Take Control


Better managed inventories, for food and labour, is the secret to success

Chefs and restaurateurs are celebrating the gradual extinction of the tedious spreadsheet and, even better, the pen and paper. With new forms of innovative inventory control software on the rise, the days of jotting down inventory items on a sheet of paper and entering them onto a spreadsheet are coming to an end. This, thankfully, should help foodservice managers eliminate wasteful spending while saving time.

“You can do it [inventory checks] in 20 per cent of the time,” said Bob Parrotta, foodservice director at Butchart Gardens, a bed and breakfast based in Brentwood Bay, B.C. “If a restaurant is of a certain size, I can’t see them operating without it.”

The “it” is inventory control software, and it’s as varied as it is helpful. Some systems send data wirelessly to handheld devices while others amalgamate inventory information from various locations based on previously made spreadsheets and instantly prepare a streamlined report that can be accessed from a central location, like a head-office computer. The software is often designed to match the requirements of the restaurant and can be customized to suit a customer’s unique needs and, most importantly, his or her budget.

Before the system is installed, however, restaurant owners need to lay some groundwork. The first step often involves producing a comprehensive, electronically accessible list of inventory. Once the system is installed, the technology keeps track of what products the restaurant have in stock, how much is used on a daily or weekly basis and how much more of a particular ingredient will need to be purchased if there is be a spike in demand. It will also provide restaurant owners with an accurate report on actual use versus projected use, thus identifying any possible problems with over-serving.

“If there’s a downfall [for operators] in the industry, it’s labour and inventory,” says CCI Management Solutions CEO, RJ Lesher. “You need tight control on both aspects of that.”

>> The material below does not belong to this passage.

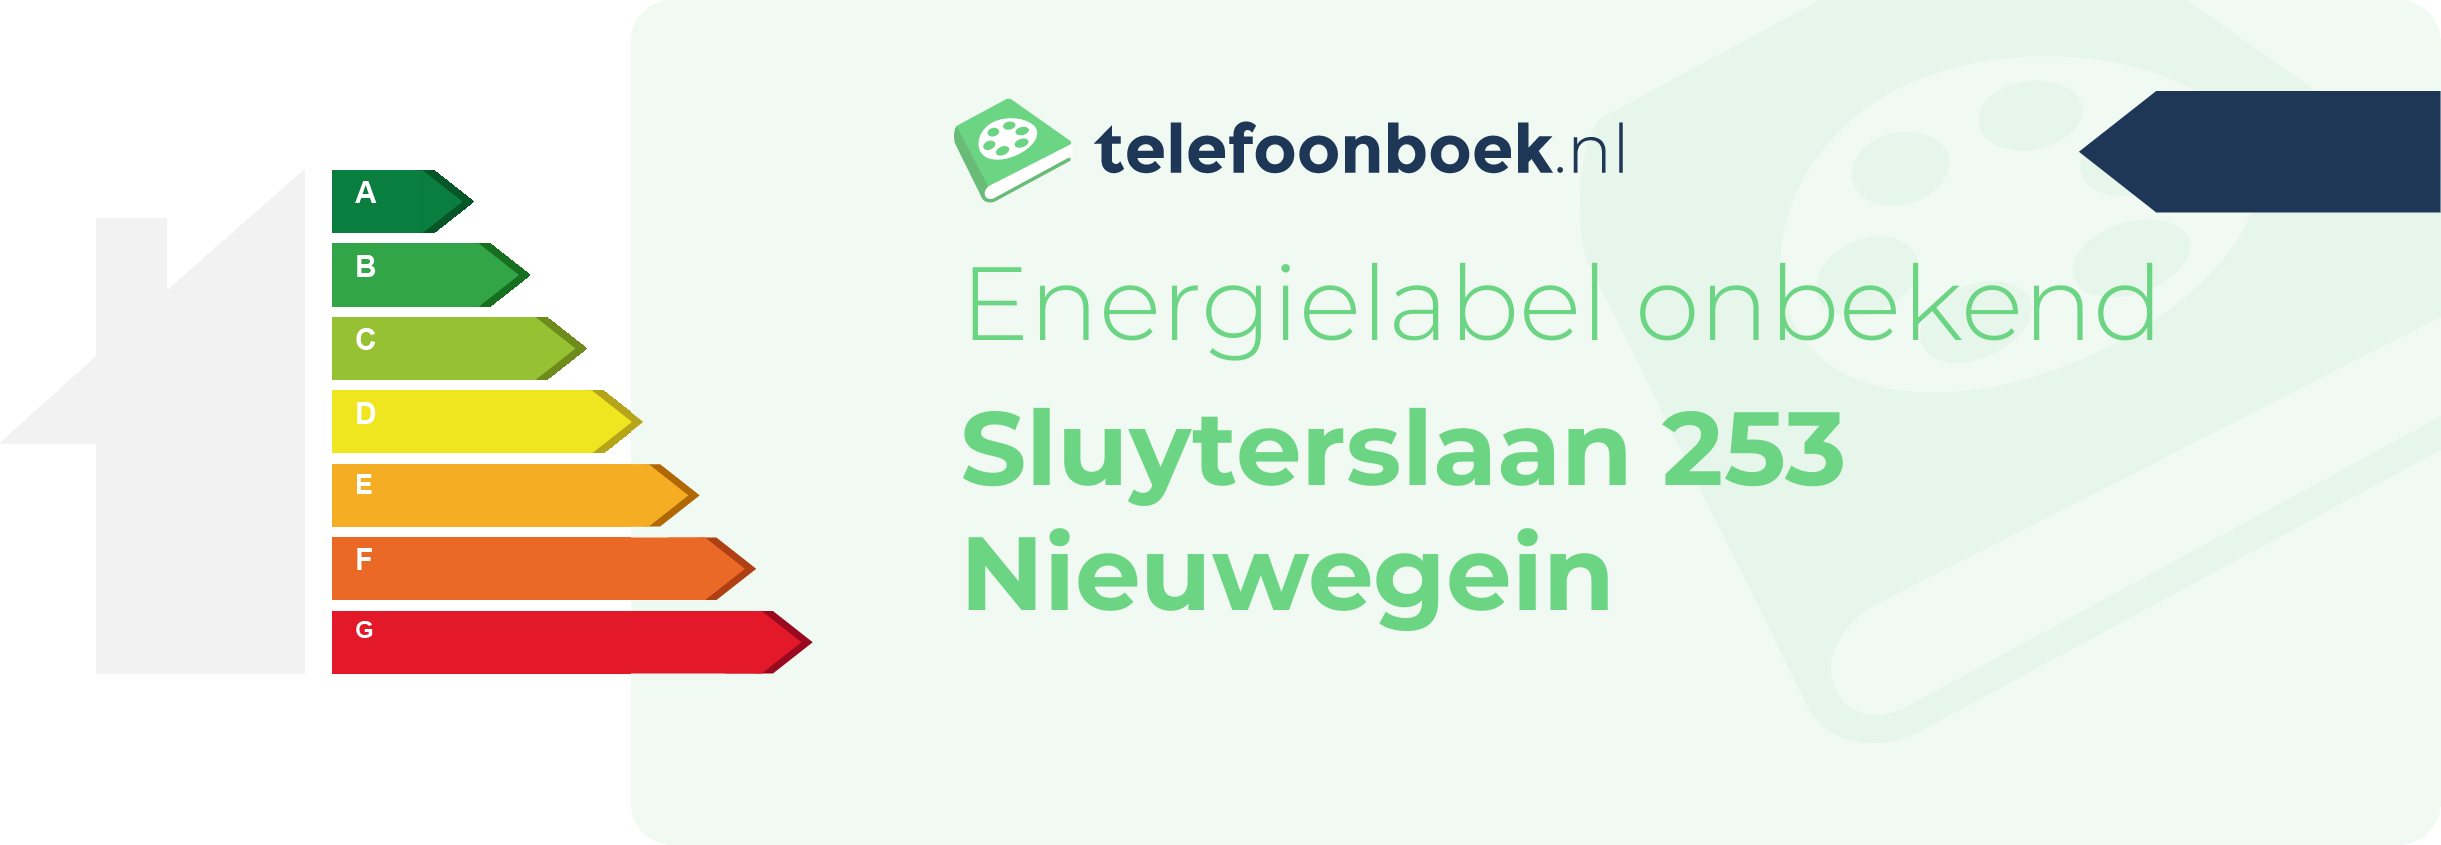 Energielabel Sluyterslaan 253 Nieuwegein

The word “control” may sound ominous, but the latest inventory control systems are about keeping costs down by identifying and correcting commonplace errors that could lead to excessive financial waste. The software tracks how fast inventory is moving out, so chefs and owners can place new orders accordingly and avoid overstocking. It also tracks labour cycles, and will even prompt owners to accurately schedule employees based on recorded patterns in restaurant traffic. Last Friday was quiet? Perhaps this one will be, too. Your computer will remind you of last week’s count, and you can decide whether you need more or less staff that day.

“Choosing the right software depends on your business,” says FS Strategy consultant Andrew Waddington. “It should track what’s left over at the end of the day. The future [of foodservice technology] is making things as easy as possible. Operators need control over everything that is in their store, and it’s always worth the investment. Controls are paramount.”

These systems can turn a tedious, hours-long inventory count into a minutes-long exercise in convenience and accuracy. However, like many things, it comes at a cost. The latest inventory control software, depending on how innovative it is, typically costs between $3,000 and $7,000. For a large chain restaurant, the start-up costs will be practically reimbursed in the first few months, especially when noticeable declines in wasted food are present. For the mom-and-pop shop, a four-figure expenditure might be daunting; but the loss prevention can make it worthwhile.

“We’ve reduced food costs by two per cent,” says Parrotta. “I can now pin-point and correct deficiencies before they hurt us.”

The deficiencies Parrotta is talking about are simply products of occasionally unavoidable human error. He uses the example of a chef serving up a thick cut of meat that may be a bit larger than it should be. The diner won’t pay extra for the few extra inches of strip sirloin, and the meat supply will deplete faster without the operator having made a proper return on the investment.

For Parrotta, the software has to work triple-time. Butchart Gardens is home to 10 food and drink establishments, and he needs to see accurate records of what goes into the fine-dining restaurant, the coffee shop and the warehouse. “[The software] gives chefs and front-house staff a platform to work off of,” says Parrotta. “We have a clear indication of how we’re performing.”

Those performances, should they falter one day when the kitchen gets hectic, can be fixed within hours of discovering an avoidable blunder, rather than days or weeks after the fact.

“You want the biggest bang for your dollar,” says Parrotta. “You’d be silly not to take that opportunity.”